■ WHAT THE EXERCISE ASKS:
Retype, with no pictures, each line from the one that holds "Seal of Tibetan" through the last line of the entries below, both included.

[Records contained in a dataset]

--------------------------------

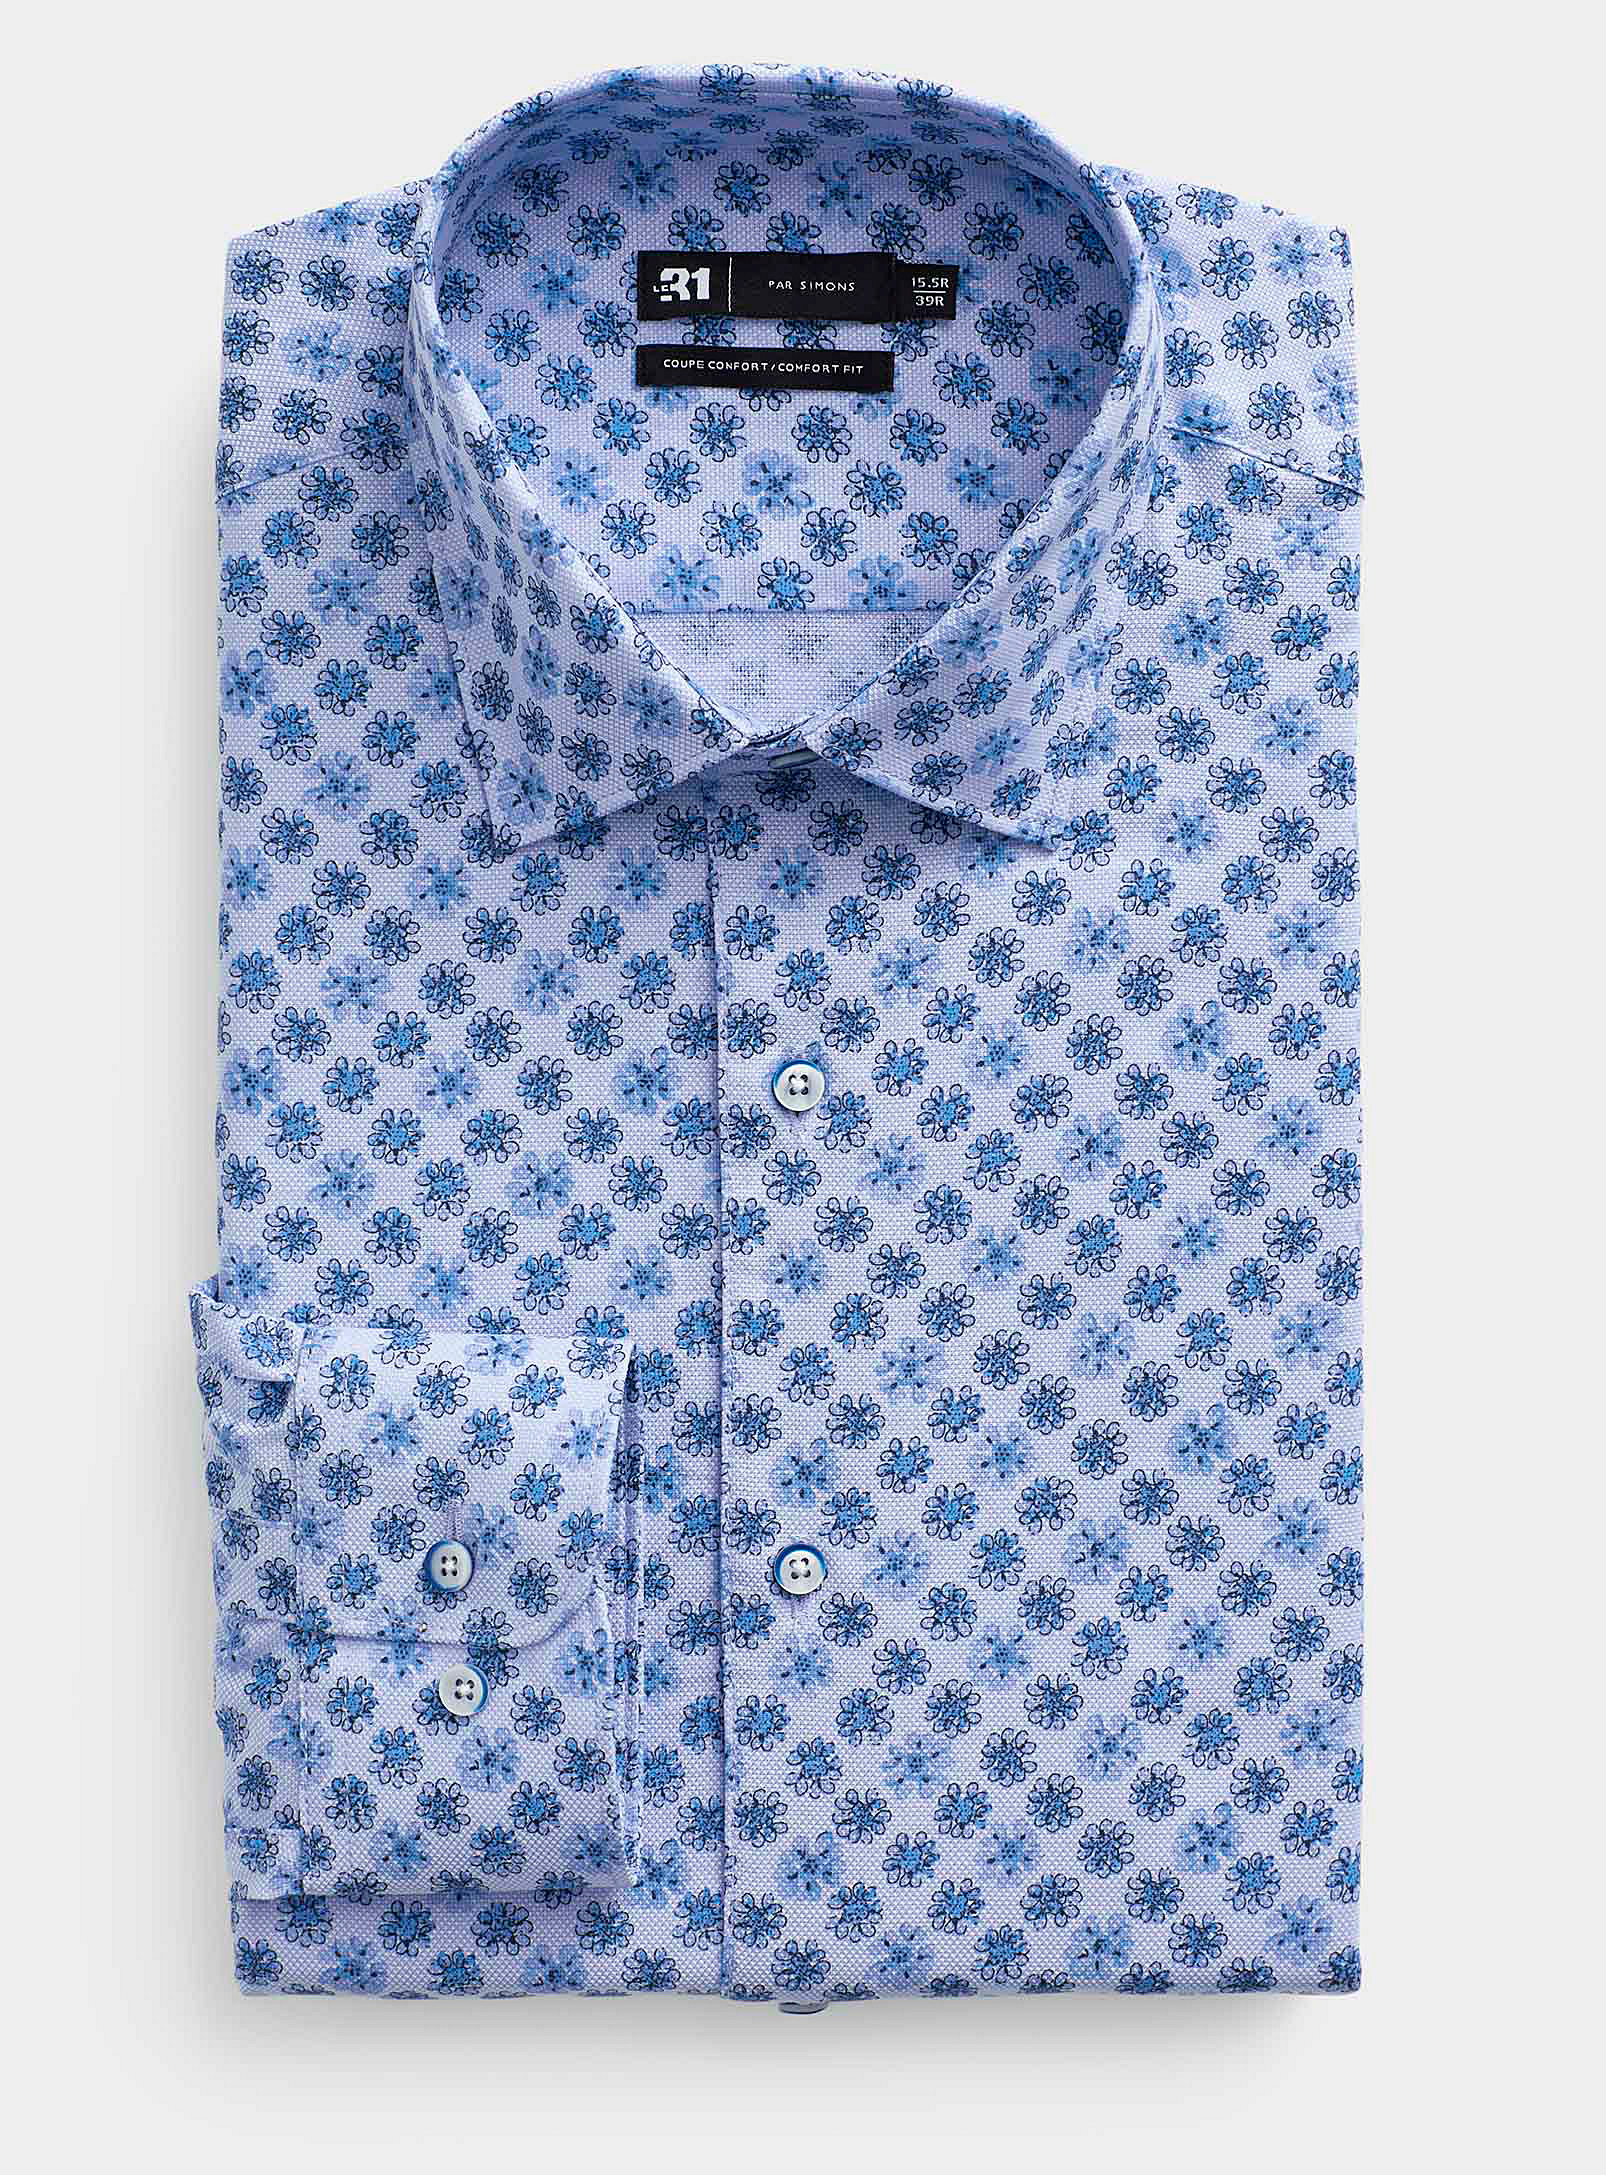 Le 31 - Men's Drawn floral textured shirt Comfort fit
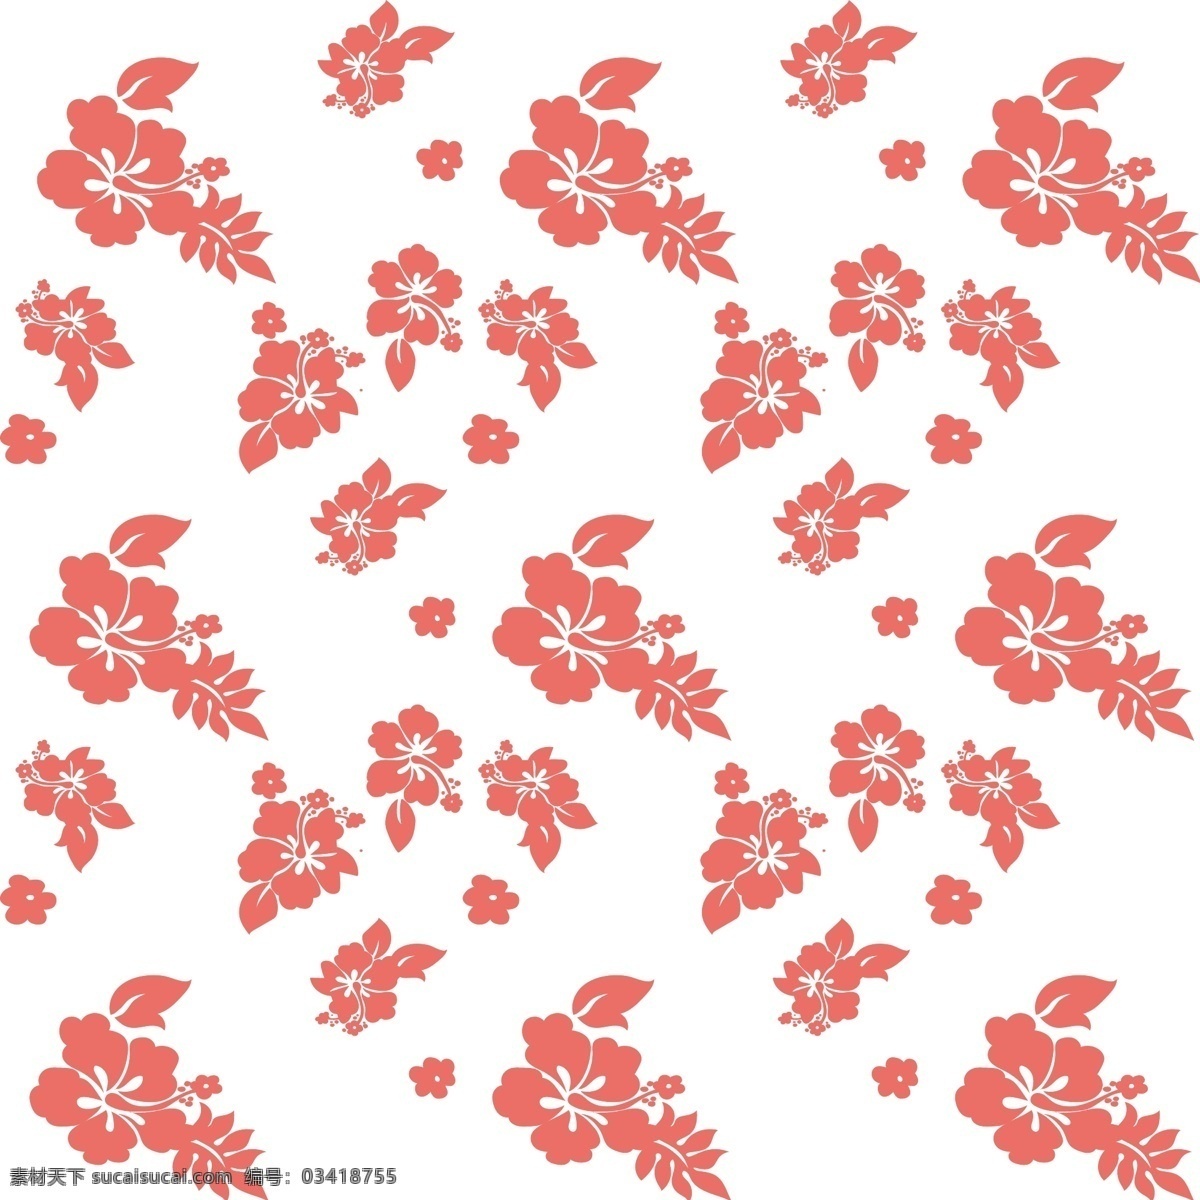 简约 扶 桑花 珊瑚 红 花卉 背景 设计素材 包装 壁纸 元素 扶桑花 珊瑚红 服饰
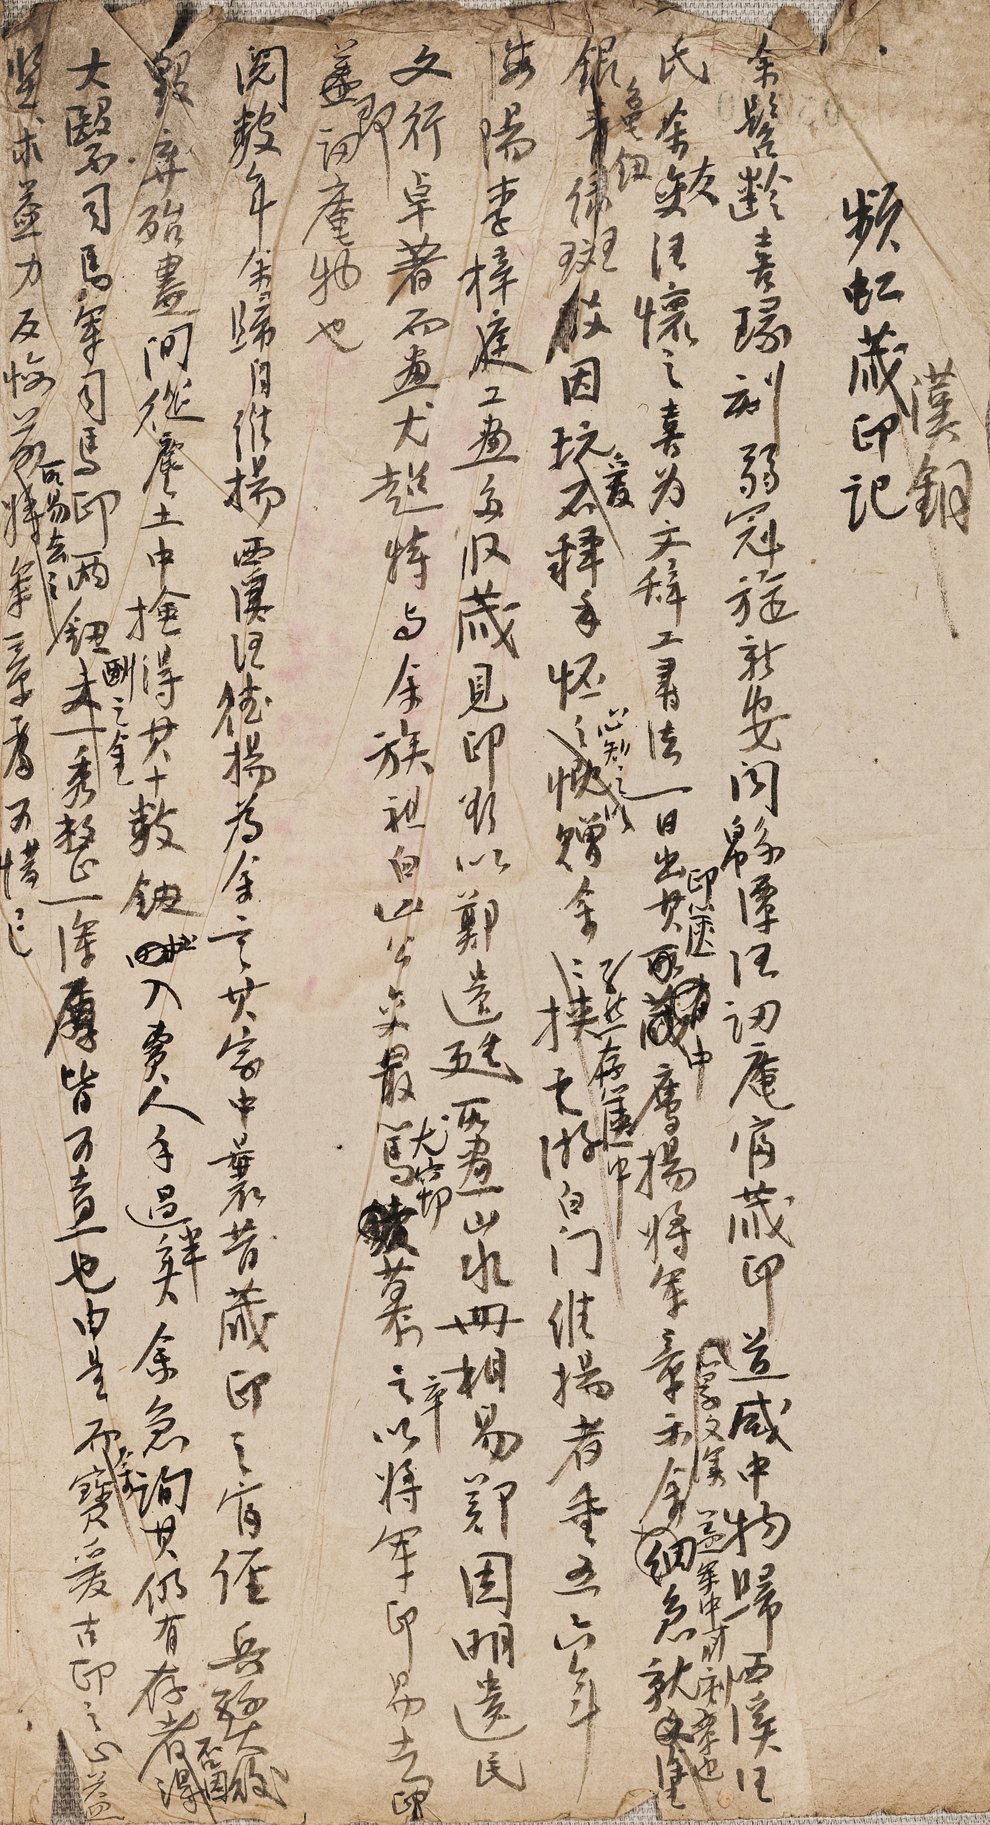 Manuscript of "Bronze Seal of Tibetan and Han Dynasties"
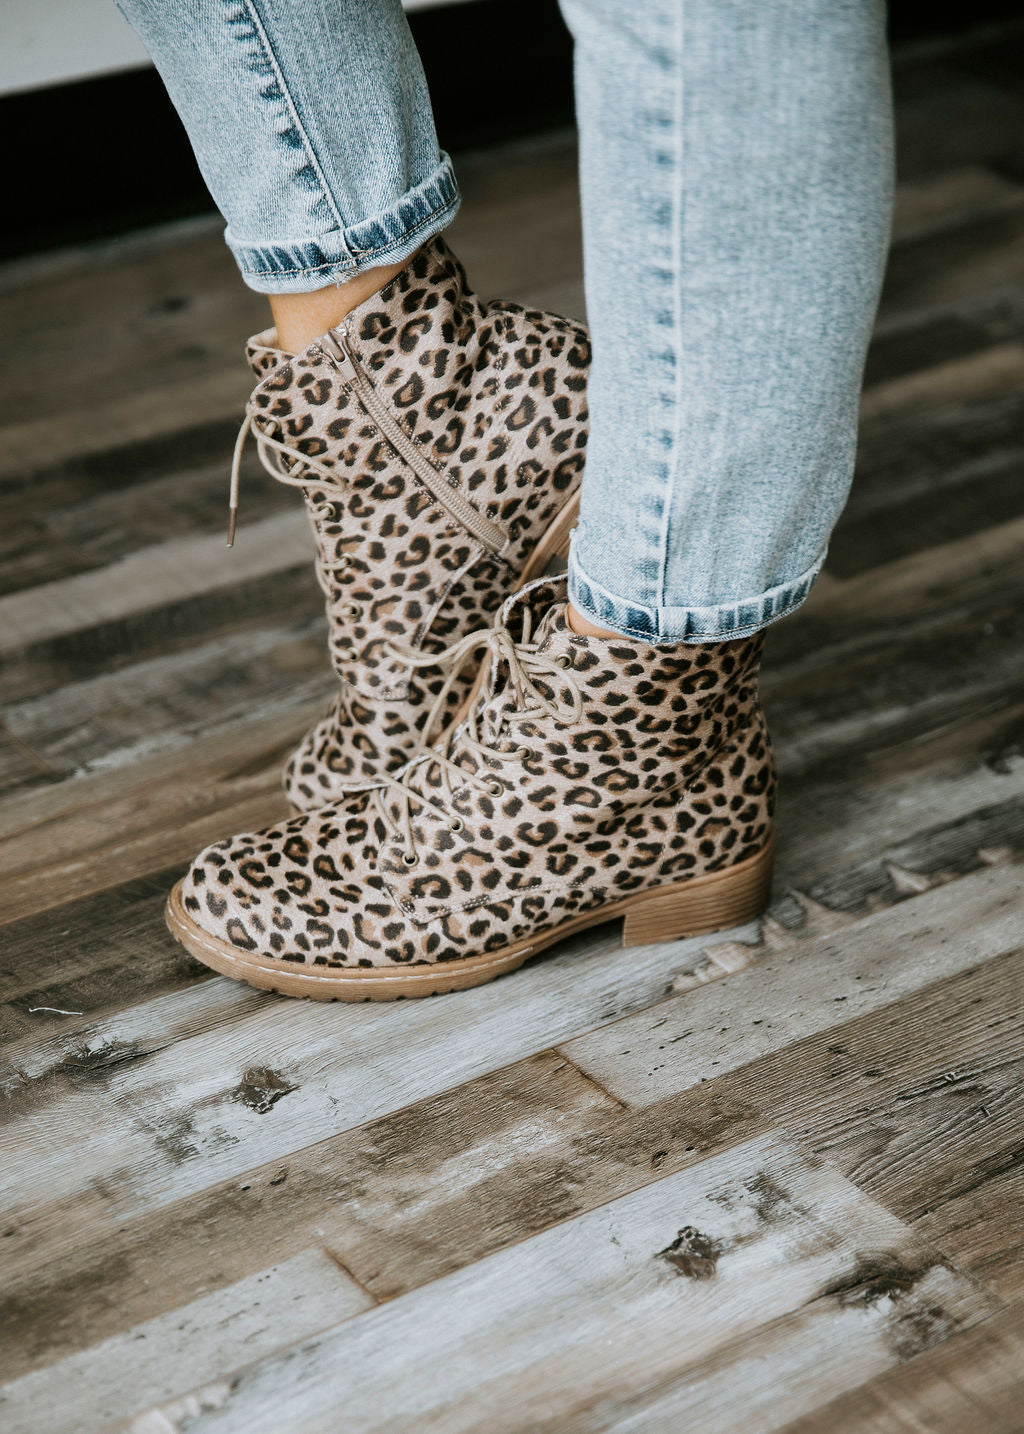 leopard lace up boots
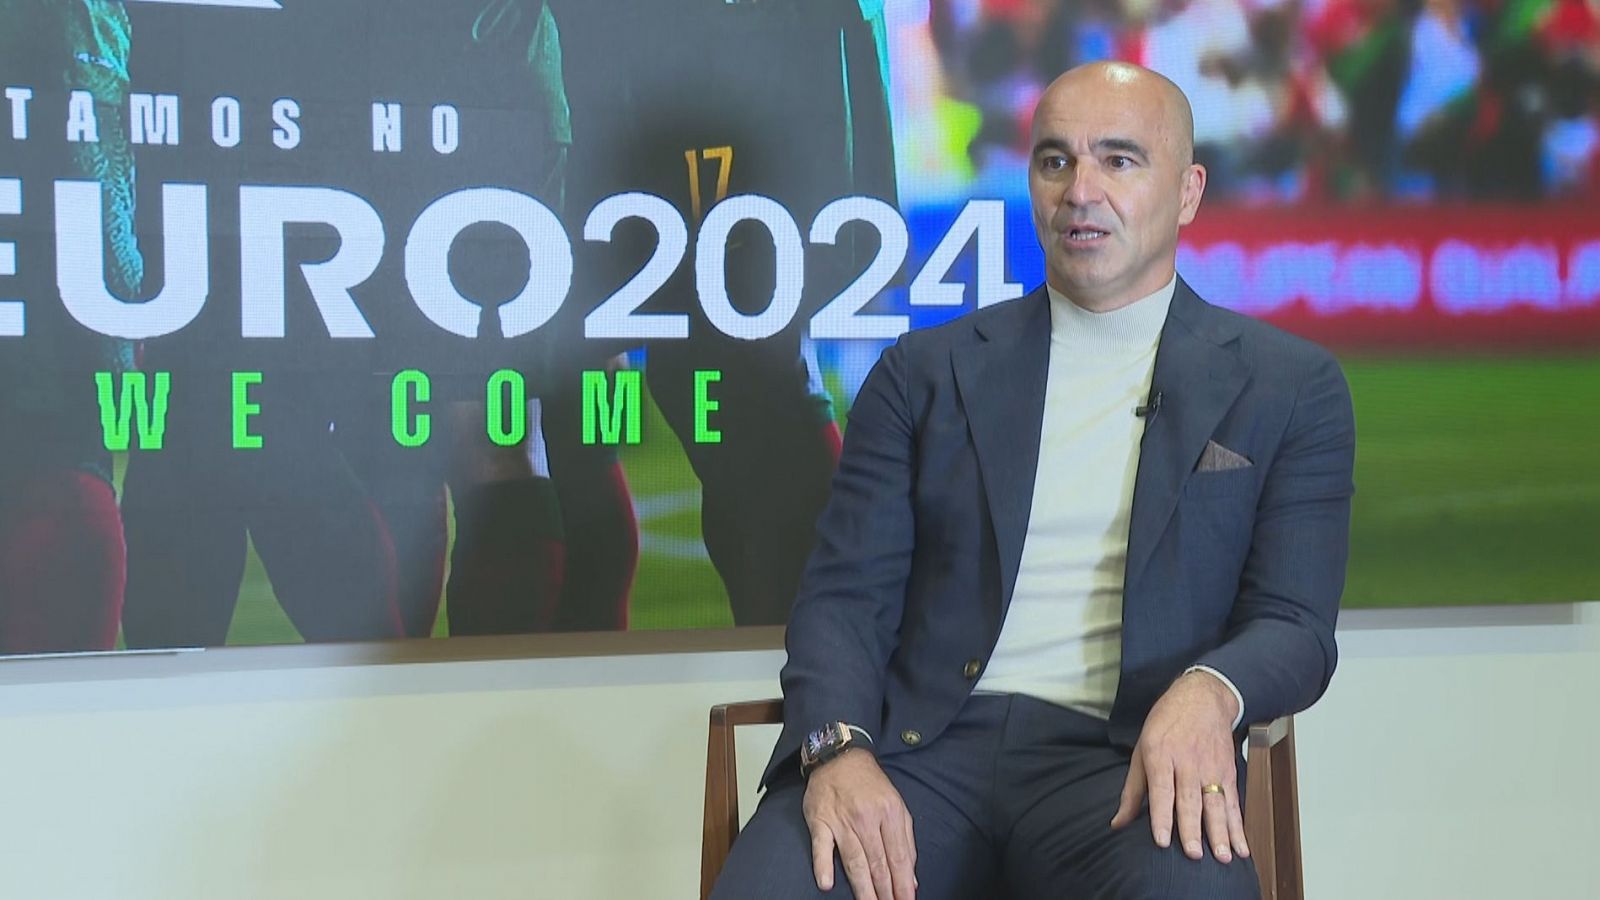 Roberto Martínez incluye a España entre las candidatas a ganar la Euro 2024: "Ganar la Nations League le ha dado un poso importante."

--------------------------------

■ EXERCISE RESPONSE:
 Manuscript of "Bronze Seal of Tibetan and Han Dynasties"
 leopard lace up boots
 Roberto Martínez incluye a España entre las candidatas a ganar la Euro 2024: "Ganar la Nations League le ha dado un poso importante."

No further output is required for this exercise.